The sensibilities of artists were like measuring instruments: barometers, wind-gauges, 'a nation’s writers are the voltometers and steam-gauges of that nation’s intellectual life'. [LE 58]
Artists and poets undoubtedly get excited and ‘overexcited’ about things long before the general public. [ABC 82f]
…
The concept of genius as akin to madness has been carefully fostered by the inferiority complex of the public. [ABC 82]
…
Before deciding whether a man is a fool or a good artist, it would be well to ask, not only: ‘is he excited unduly’, but: ‘does he see something we don’t?’ Is his curious behaviour due to his feeling an oncoming earthquake, or smelling a forest fire which we do not yet feel or smell? [ABC 82f]
…
Flaubert said of the War of 1870: ‘If they had read my 'Education Sentimentale', this sort of thing wouldn’t have happened.’ Artists are the antennae of the race, but the bullet-headed many will never learn to trust their great artists. If it is the business of the artist to make humanity aware of itself; here the thing was done, the pages of diagnosis.

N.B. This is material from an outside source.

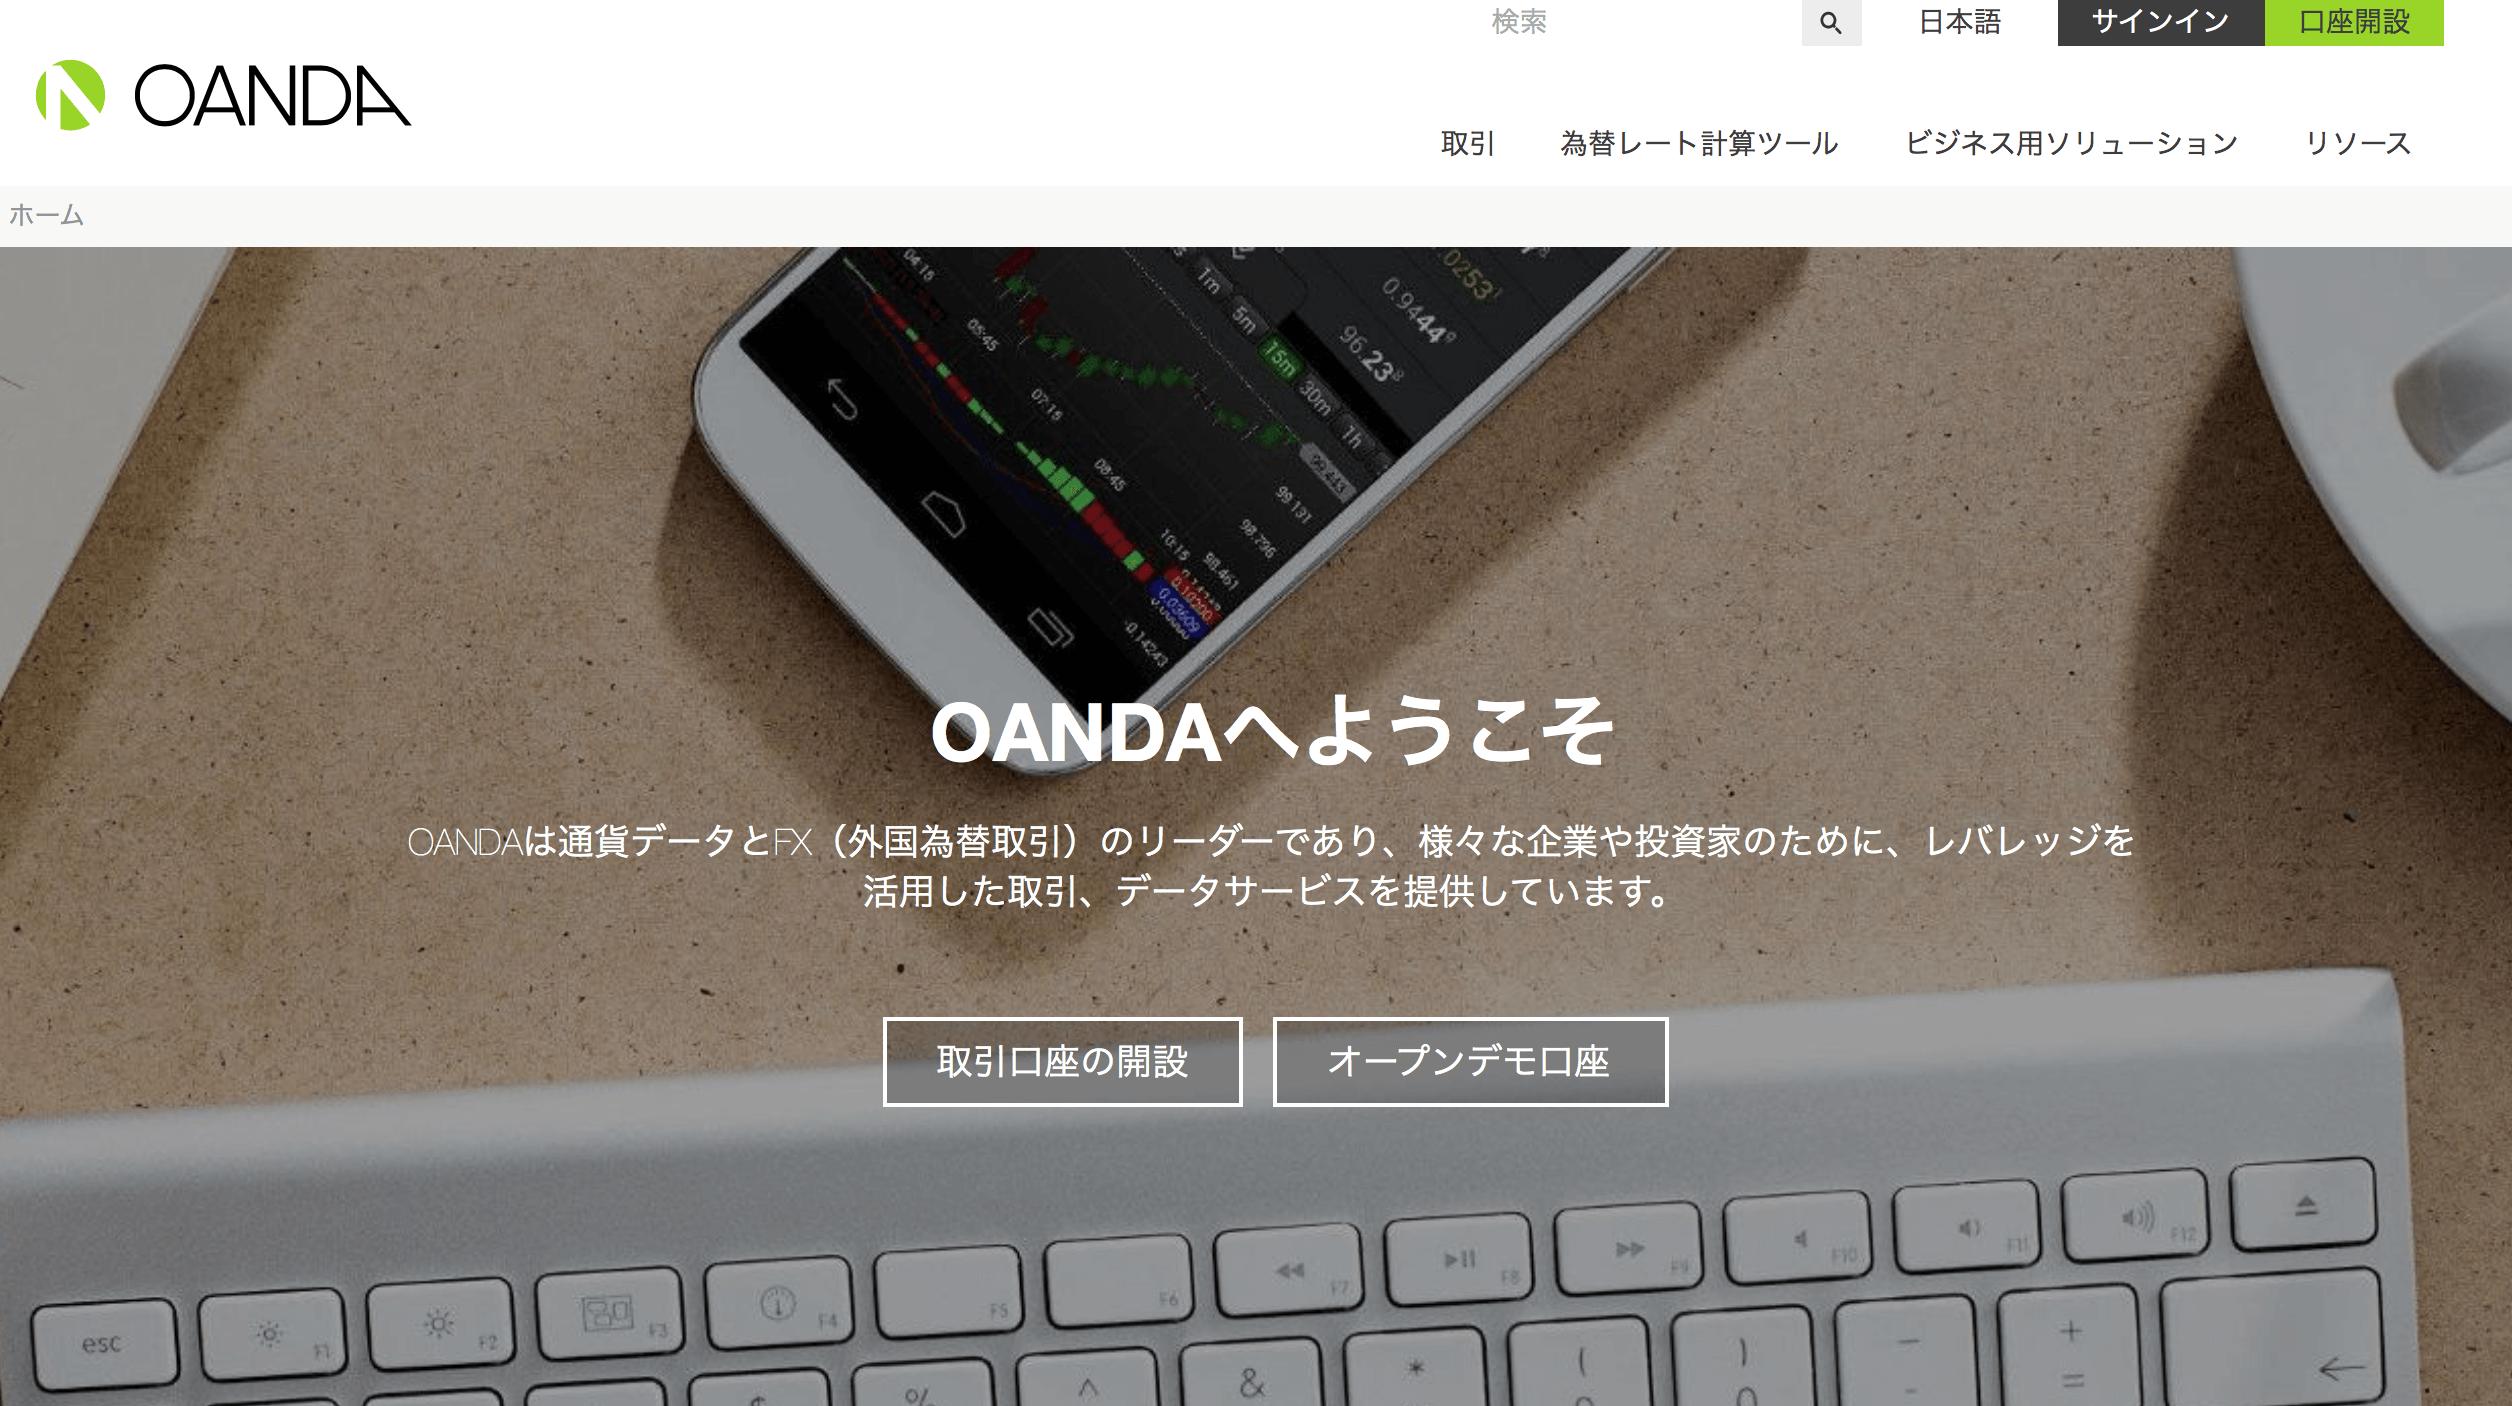 OANDAの公式ページ

The multitude of wearisome fools will not learn their right hand from their left or seek out a meaning. [LE 297]
Pound's own antennae were overwhelmed throughout that period with all this newness: the race went mad and so did he. His radio-receiver intellect picked up only jumbled nonsense interspersed with whistles, crackles and bangs as European culture fractured and disintegrated.

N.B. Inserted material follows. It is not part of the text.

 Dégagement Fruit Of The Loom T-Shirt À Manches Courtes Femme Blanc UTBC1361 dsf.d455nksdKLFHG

During these times he settled in places where he sensed a 'vortex', an innovative turmoil: London and Paris. These vortices were metropolitan, based on close and creative contact between artists of all types: writers, painters, sculptors, composers and so on. Pound earned some money as a music critic, wrote an opera, was a cultural journalist, a friend and supporter of artists such as Henri Gaudier-Brzeska (1891-1915), Wyndham Lewis (1882-1957), James Joyce (1882-1941) and T. S. Eliot (1888-1965). His practical support for struggling artists of the time is very much to his credit.

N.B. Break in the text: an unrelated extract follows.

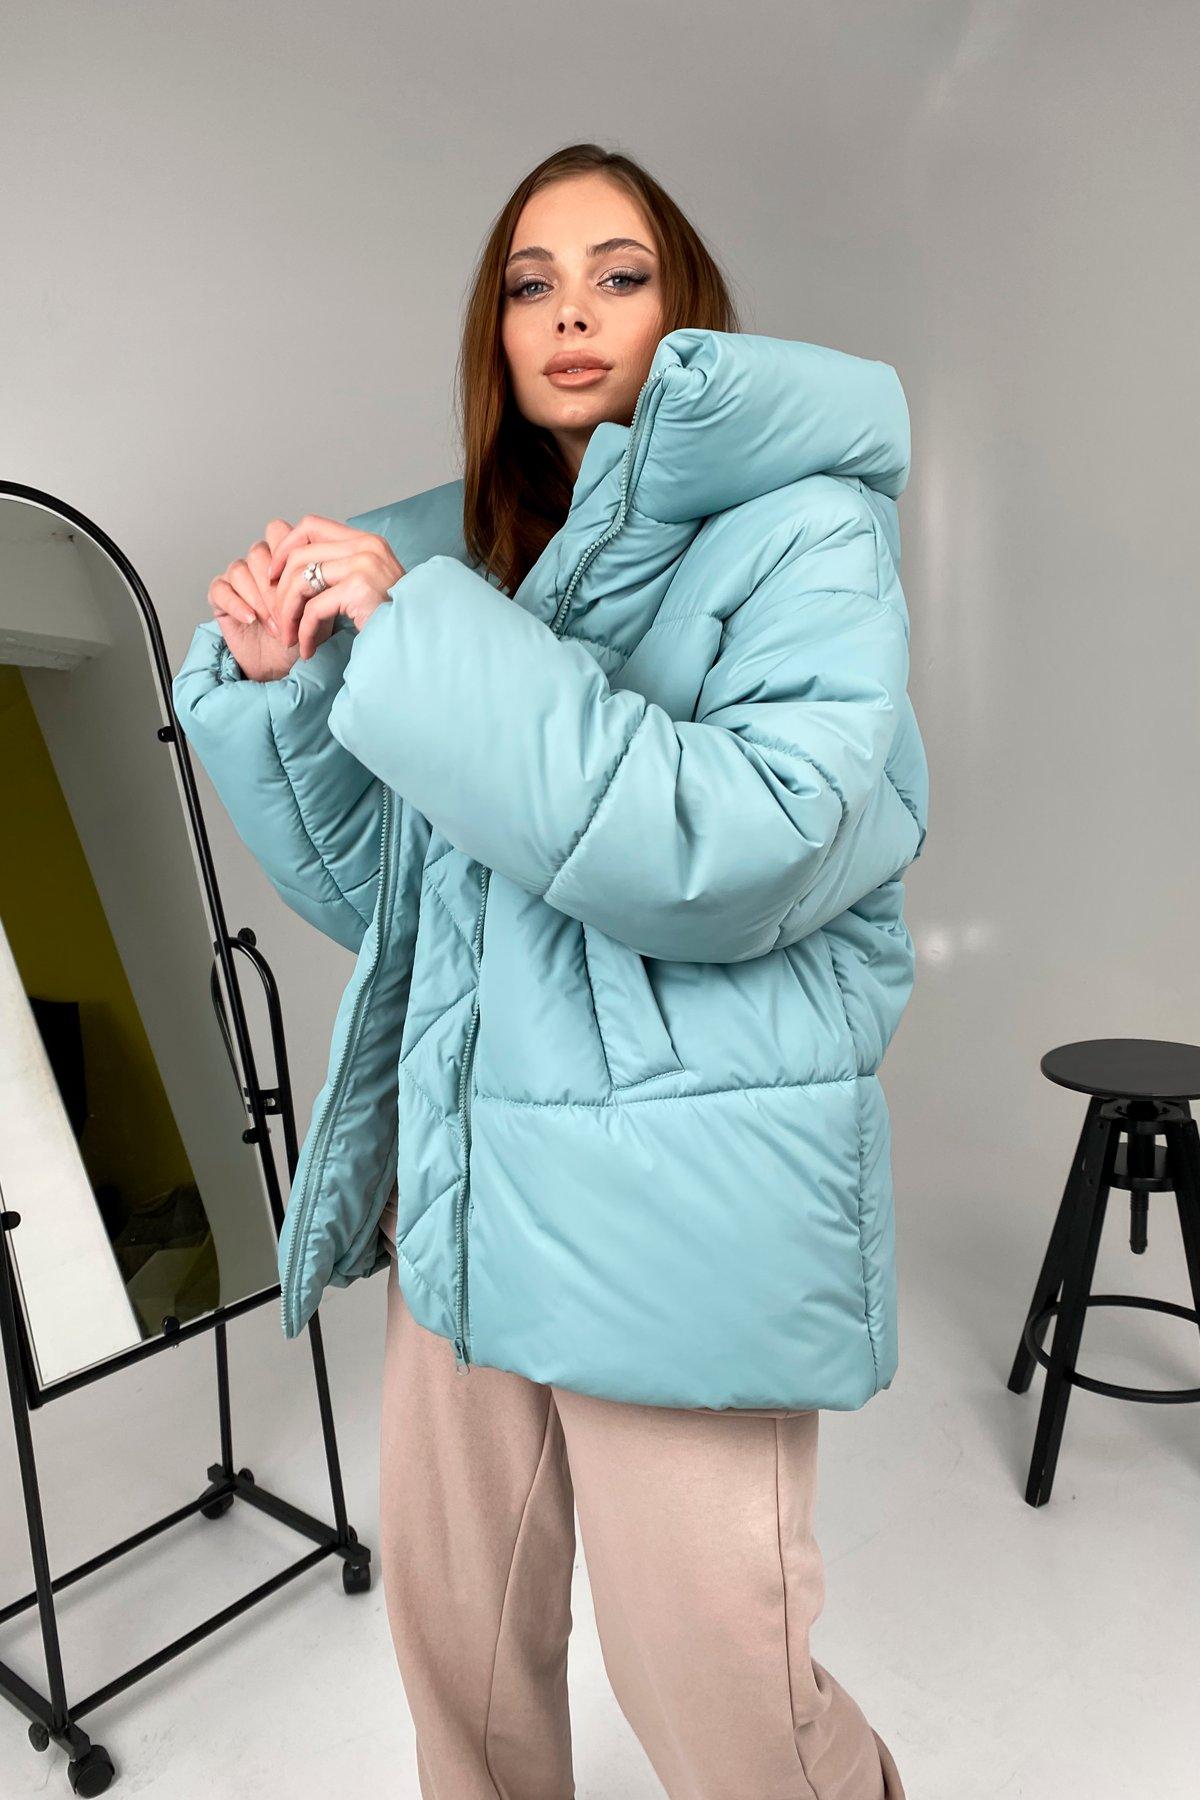 куртки демисезонные женские Харьков  Овертайм  теплый пуховик из плащевой ткани 10243

But the vortices lost momentum and force, rotated more slowly, drew in less and less. In 1924 he moved to Rapallo in Italy, which some critics deem to have been a mistake, because in the little Italian town Pound just became isolated. There was no one at his side to moderate his innovation, no one of distinction and reputation to contradict him or argue with him, meaning that much of The Cantos is the record of the life of the mind of a solitary individual, thrown back on his own devices and left only with memories and with the garbled static from his antennae. Two decades later, in May 1945, after yet another cataclysm, he would emerge:
As a lone ant from a broken ant-hill
from the wreckage of Europe, ego scriptor.